Posted by ta...@apache.org.
IMPALA-7465: fix test_kudu_scan_mem_usage

The issue was that the row batch queue could grow a lot if the consumer
was slow.

Also add an additional test to exercise the OOM code path in Kudu for
completeness.

Testing:
Added sleep to kudu-scan-node.cc that reproduced the problem.
Looped modified test to flush out flakiness.

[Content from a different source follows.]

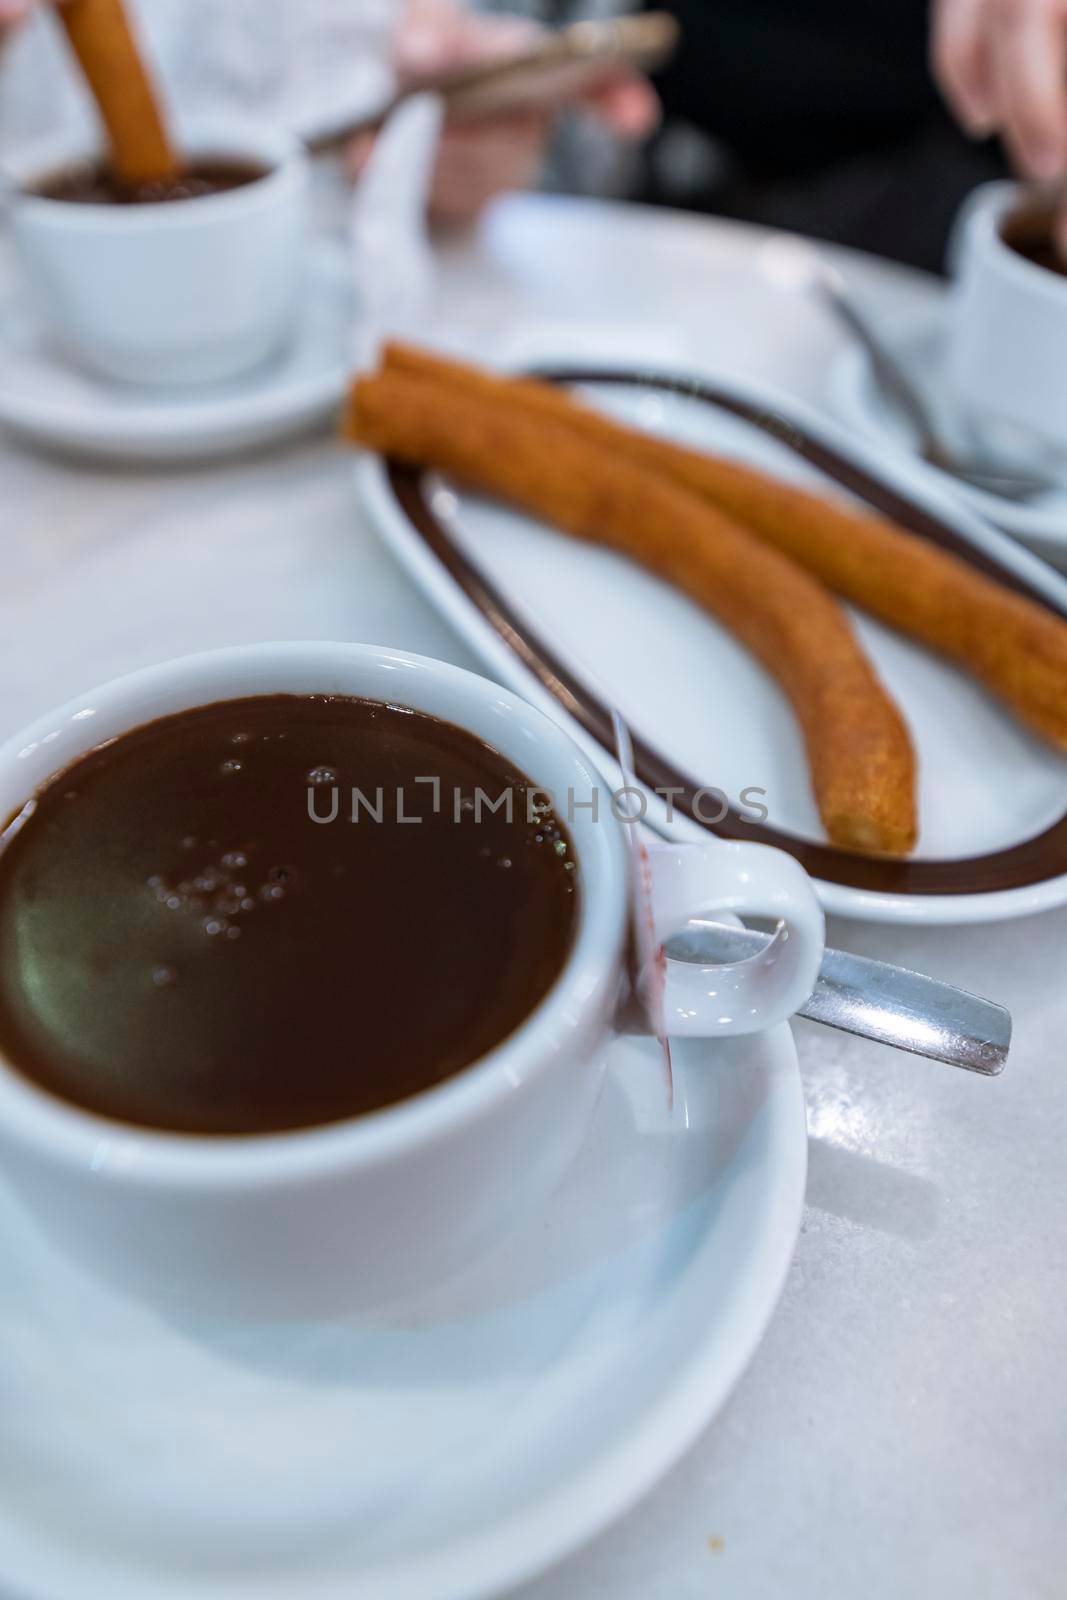 Churros with chocolate by cabrera

Change-Id: Ic4a95b6b6d96a447df68ef4912a86f1e11f219ca
Reviewed-on: http://gerrit.cloudera.org:8080/11285
Reviewed-by: Tim Armstrong <ta...@cloudera.com>
Tested-by: Impala Public Jenkins <im...@cloudera.com>


Project: http://git-wip-us.apache.org/repos/asf/impala/repo
Commit: http://git-wip-us.apache.org/repos/asf/impala/commit/bddd7def
Tree: http://git-wip-us.apache.org/repos/asf/impala/tree/bddd7def
Diff: http://git-wip-us.apache.org/repos/asf/impala/diff/bddd7def

Branch: refs/heads/master
Commit: bddd7def991f60f87772299df1aa53bc0fde48f2
Parents: 2a60655
Author: Tim Armstrong <ta...@cloudera.com>
Authored: Tue Aug 21 10:53:47 2018 -0700
Committer: Impala Public Jenkins <im...@cloudera.com>
Committed: Tue Aug 21 21:38:11 2018 +0000

----------------------------------------------------------------------
 .../queries/QueryTest/kudu-scan-mem-usage.test           | 11 +++++++++++
 tests/query_test/test_mem_usage_scaling.py               |  2 ++
 2 files changed, 13 insertions(+)
----------------------------------------------------------------------


http://git-wip-us.apache.org/repos/asf/impala/blob/bddd7def/testdata/workloads/functional-query/queries/QueryTest/kudu-scan-mem-usage.test
----------------------------------------------------------------------
diff --git a/testdata/workloads/functional-query/queries/QueryTest/kudu-scan-mem-usage.test b/testdata/workloads/functional-query/queries/QueryTest/kudu-scan-mem-usage.test
index aa42edb..7fd6e3c 100644
--- a/testdata/workloads/functional-query/queries/QueryTest/kudu-scan-mem-usage.test
+++ b/testdata/workloads/functional-query/queries/QueryTest/kudu-scan-mem-usage.test
@@ -2,6 +2,8 @@
 ---- QUERY
 # IMPALA-7076: this query will fail if the Kudu scan spins up too many scanner threads.
 # Only one scanner thread per impalad should be started.
+# Set num_scanner_threads to reduce the row batch queue length and avoid IMPALA-7465.
+set num_scanner_threads=2;
 set mem_limit=4mb;
 select * from tpch_kudu.orders
 order by o_orderkey limit 3;
@@ -14,3 +16,12 @@ BIGINT,BIGINT,STRING,DECIMAL,STRING,STRING,STRING,INT,STRING
 ---- RUNTIME_PROFILE
 aggregation(SUM, NumScannerThreadsStarted): 3
 ====
+---- QUERY
+# Test with lower limit that reliably hits memory limit exceeded.
+set disable_codegen=true;
+set mem_limit=32k;
+select * from tpch_kudu.orders
+order by o_orderkey limit 3;
+---- CATCH
+Memory limit exceeded
+====

http://git-wip-us.apache.org/repos/asf/impala/blob/bddd7def/tests/query_test/test_mem_usage_scaling.py
----------------------------------------------------------------------
diff --git a/tests/query_test/test_mem_usage_scaling.py b/tests/query_test/test_mem_usage_scaling.py
index 0d3219a..21b320e 100644
--- a/tests/query_test/test_mem_usage_scaling.py
+++ b/tests/query_test/test_mem_usage_scaling.py
@@ -353,6 +353,8 @@ class TestScanMemLimit(ImpalaTestSuite):
   def test_kudu_scan_mem_usage(self, vector):
     """Test that Kudu scans can stay within a low memory limit. Before IMPALA-7096 they
     were not aware of mem_limit and would start up too many scanner threads."""
+    # .test file overrides disable_codegen.
+    del vector.get_value('exec_option')['disable_codegen']
     self.run_test_case('QueryTest/kudu-scan-mem-usage', vector)
 
   def test_hdfs_scanner_thread_mem_scaling(self, vector):